Last metadata expiration check: 1:34:49 ago on Tue 23 Jul 2024 03:05:30 PM UTC.
rocm-device-libs-1.0.0.60100-82.el9.x86_64 : Radeon Open Compute - device libraries
Repo        : ROCm
Matched from:
Filename    : /opt/rocm-6.1.0/lib/llvm/lib/clang/17/lib/amdgcn/bitcode/opencl.bc

...

And with that, the sample compute task succeeded!

jiridanek commented 1 month ago
# dnf repoquery --whatrequires rocm-device-libs
Updating Subscription Management repositories.
Unable to read consumer identity

This system is not registered with an entitlement server. You can use subscription-manager to register.

Last metadata expiration check: 1:38:17 ago on Tue 23 Jul 2024 03:05:30 PM UTC.
openmp-extras-devel-0:17.60.0.60100-82.el9.x86_64
rocm-dev-0:6.1.0.60100-82.el9.x86_64
rocm-hip-runtime-devel-0:6.1.0.60100-82.el9.x86_64
rocm-openmp-sdk-0:6.1.0.60100-82.el9.x86_64

there does not seem to be a good top level dep to install to get rocm-device-libs

jiridanek commented 1 month ago

Torch seems to be working out of the box,

>>> torch.cuda.is_available()
True
>>> torch.cuda.device_count()
1
>>> torch.cuda.current_device()
0
>>> torch.cuda.device(0)
<torch.cuda.device object at 0x7fb1b29a7e80>
>>> torch.cuda.get_device_name(0)
'AMD Instinct MI210'
>>> torch.cuda.is_available()
True
>>> torch.tensor([5, 5, 5], dtype=torch.int64, device='cuda')
tensor([5, 5, 5], device='cuda:0')
jiridanek commented 1 month ago
(app-root) bash-5.1# python3 -c 'import torch; print(torch.version.hip)'
6.0.32830-d62f6a171
# pip3 install torchvision torchaudio --index-url https://download.pytorch.org/whl/rocm6.0
openshift-ci[bot] commented 1 month ago

@jiridanek: The following tests failed, say /retest to rerun all failed tests or /retest-required to rerun all mandatory failed tests:

Test name Commit Details Required Rerun command
ci/prow/rocm-notebooks-e2e-tests 093ff53b4ecbbd638395c07861932fce03e71b27 link true /test rocm-notebooks-e2e-tests
ci/prow/images 093ff53b4ecbbd638395c07861932fce03e71b27 link true /test images
ci/prow/notebook-rocm-jupyter-tf-ubi9-python-3-9-pr-image-mirror 093ff53b4ecbbd638395c07861932fce03e71b27 link true /test notebook-rocm-jupyter-tf-ubi9-python-3-9-pr-image-mirror
ci/prow/notebook-rocm-jupyter-pyt-ubi9-python-3-9-pr-image-mirror 093ff53b4ecbbd638395c07861932fce03e71b27 link true /test notebook-rocm-jupyter-pyt-ubi9-python-3-9-pr-image-mirror

Full PR test history.
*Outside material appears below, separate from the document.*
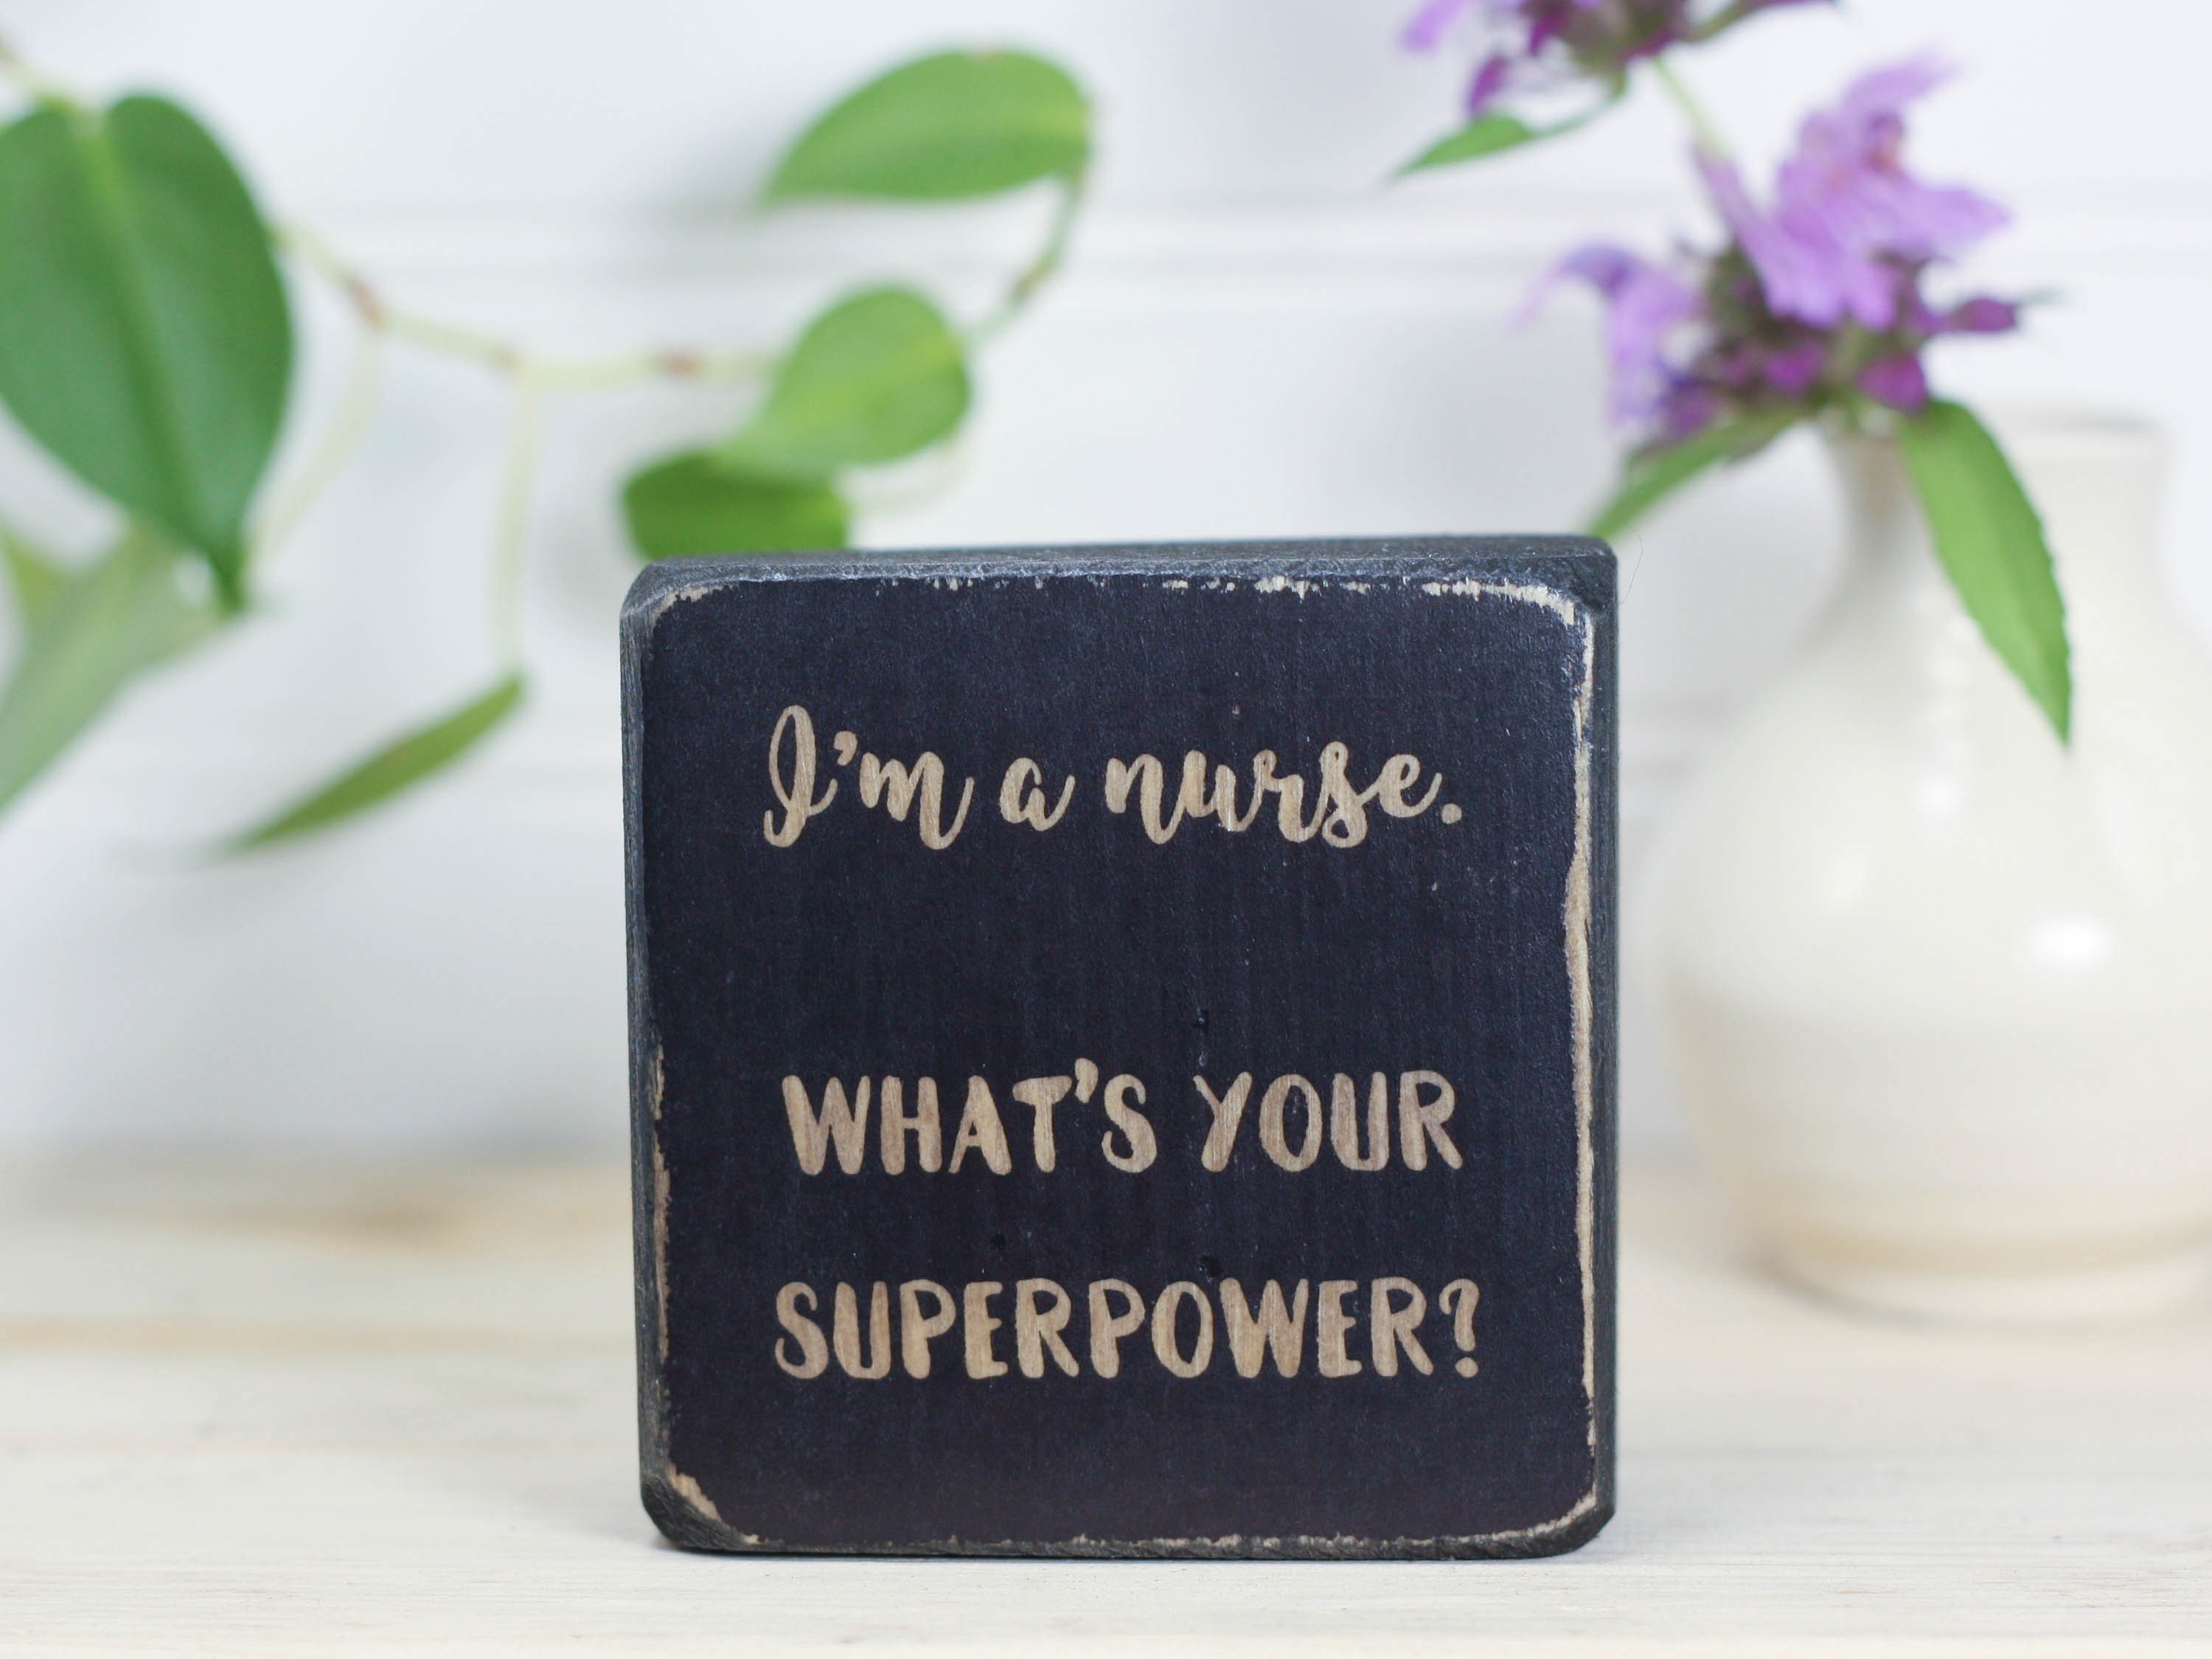 Mini wood sign in distressed black with the saying "I'm a nurse. What's your superpower?"

Your PR dashboard.

Instructions for interacting with me using PR comments are available [here](https://git.k8s.io/community/contributors/guide/pull-requests.md). If you have questions or suggestions related to my behavior, please file an issue against the [kubernetes-sigs/prow](https://github.com/kubernetes-sigs/prow/issues/new?title=Prow%20issue:) repository. I understand the commands that are listed [here](https://go.k8s.io/bot-commands).
jiridanek commented 1 month ago

This did not go well. By adding the libs that were needed for Tensorflow, I ended up bloating up the image to the original size ;( There is fewer things installed, but it does not matter. Trivy is still unhappy scanning the result.

caponetto commented 1 month ago

=/ In this case, I will disable the image scan for rocm-jupyter-pytorch-ubi9-python-3.9. Instead, we can at least run the scan for the lock file, which I believe is faster and doesn't require dealing with the image.